39. In assaying the quantum awarded Rs.7,500/- to Respondent No.2/wife and Rs.5,000/- to Respondent No.3/child, the Court is guided by the trite principle that maintenance must be just and adequate, commensurate with the husband's pecuniary resources, the dependents' reasonable needs, and prevailing living standards, eschewing both niggardliness and extravagance. Oral testimony of PW1, untainted by embellishment and corroborated by life's stark probabilities, supplants the Petitioner's quibble over absent documents, for Section 125 of ‘the Cr.P.C.,’ proceedings privilege substantive justice over evidentiary formalism. This adjudication, steeped in equity and good conscience, vindicates the constitutional ethos of Article 39, enshrining the Directive to secure uniform civil justice for the vulnerable.

40. The Petitioner's asseveration that the instant petition constitutes a "second round of litigation" post-withdrawal of M.C.No.144/2017 crumbles under the weight of judicial precedent, which unequivocally countenances the independent and recurring character of maintenance claims. Res judicata or constructive res judicata finds no foothold herein, as the right to sustenance is not extinguished by prior proceedings but accrues afresh with each instance of default. The learned Family Court astutely discerned that multiplicity of proceedings, far from bespeaking harassment, stems inexorably from the Petitioner's obdurate refusal to fulfil his statutory and moral imperative under Section 125(1) of ‘the Cr.P.C.,’ to maintain his wife and progeny, thereby precipitating recurrent applications for redress.

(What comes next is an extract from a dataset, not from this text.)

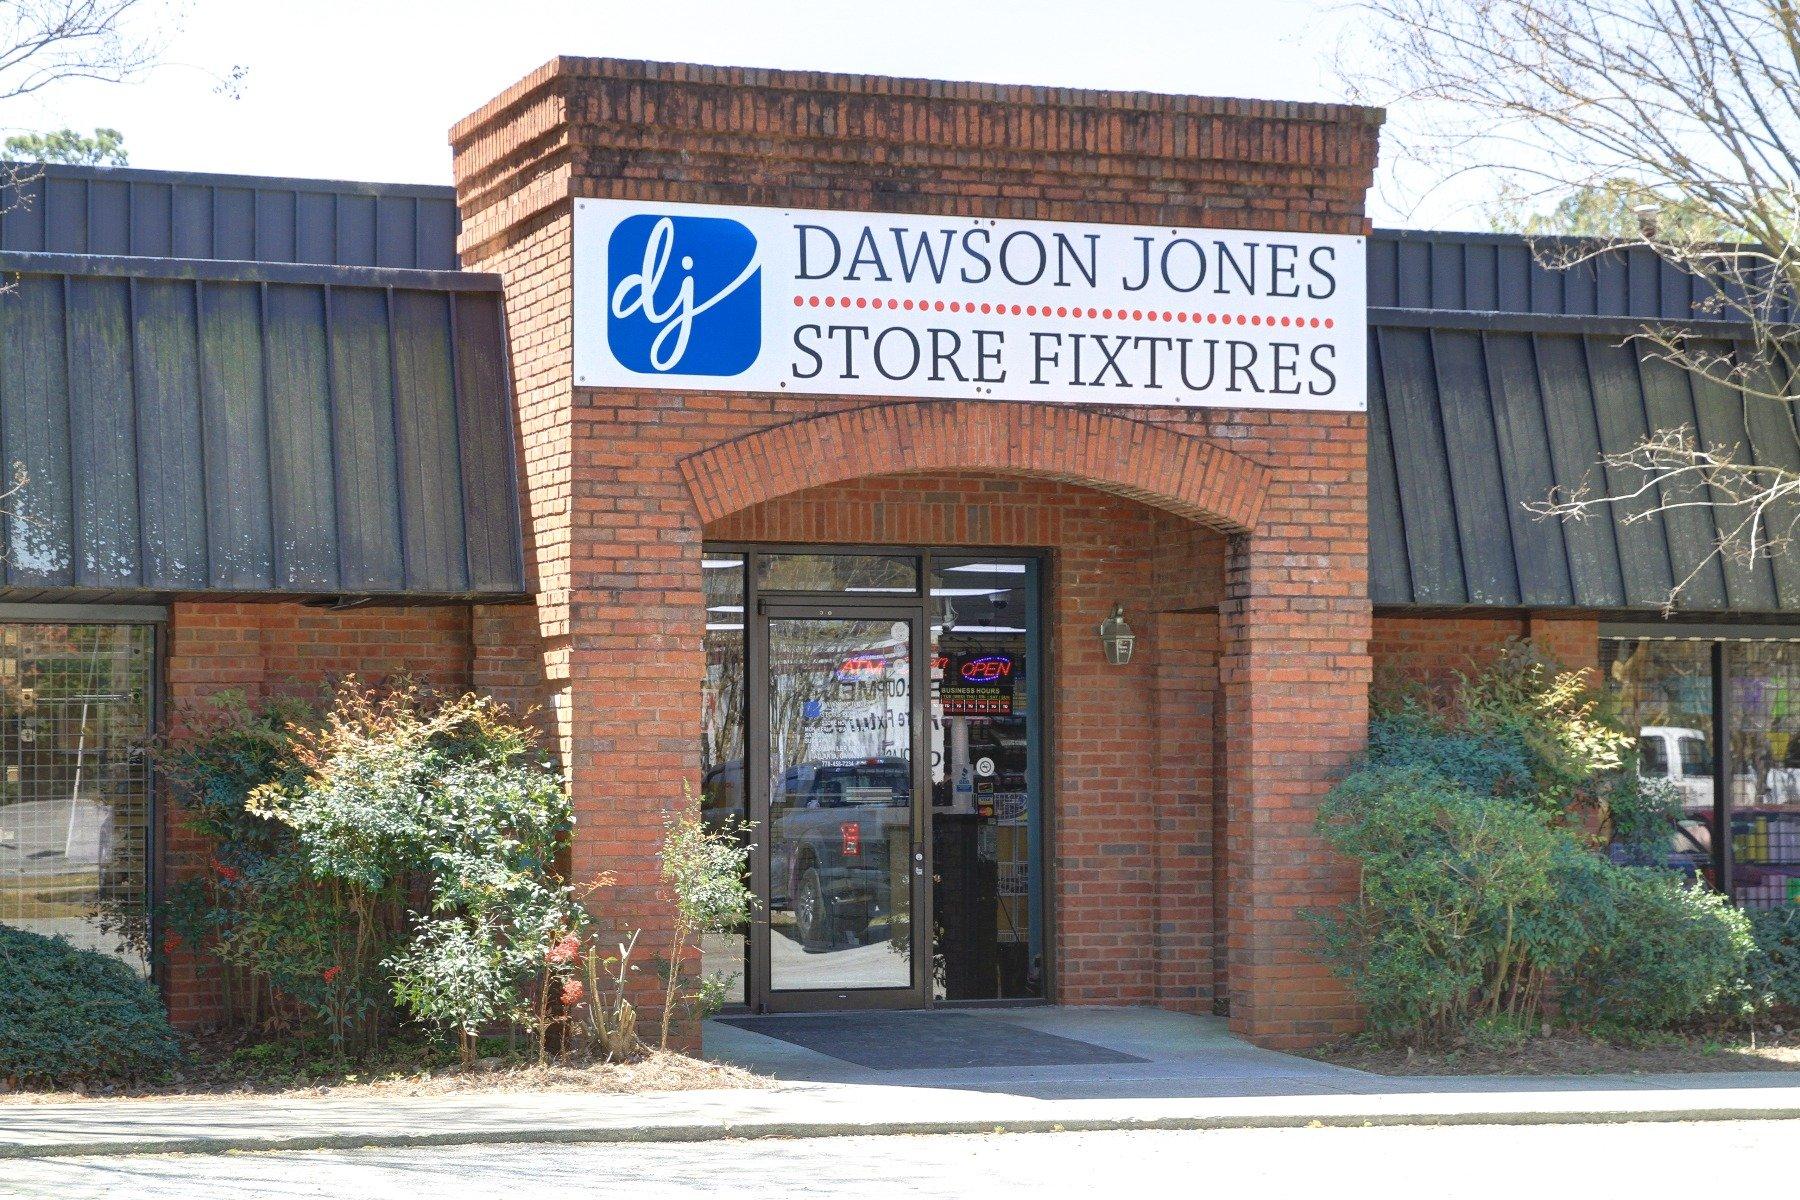 Dawson Jones Building

41. Equally meritless is the Petitioner's grievance anent the pendency of D.O.P.No.3/2016 before the learned Principal District Judge, Machilipatnam, and G.W.O.P No.52/2017 before the learned Family Court, Vijayawada. The doctrine of lis pendens or forum shopping does not vitiate the Respondent's invocation of concurrent remedies, each tailored to discrete facets of matrimonial discord. This Court reiterates the hallowed principle that maintenance entitlements are not mutually exclusive but operate in tandem to effectuate equity, precluding the Petitioner from leveraging parallel litigations as a shield against his inescapable liabilities.

42. The Respondent No.3 is aged about 8 years. He is with his mother Respondent No.2. He is being imparted with necessary education, nourishment and the quantum of maintenance, Rs.7,500/- per mensem to Respondent No.2/wife and Rs.5,000/- to Respondent No.3/child, bears the imprimatur of reasonableness, calibrated to the Petitioner's earning capacity, the Respondent Nos.2 and 3 exigencies, and prevailing socio-economic parameters and subsequent expositions. No arbitrariness or violation of natural justice taints the adjudication, which evinces a balanced appraisal of competing equities. In the absence of demonstrable error, palpable infirmity, or jurisdictional overreach, the impugned order merits undisturbed affirmation.

43. Finding no illegality let alone patent illegality or miscarriage of justice, the Criminal Revision Case is dismissed sans costs.

As a sequel, interlocutory applications, if any pending, shall stand closed.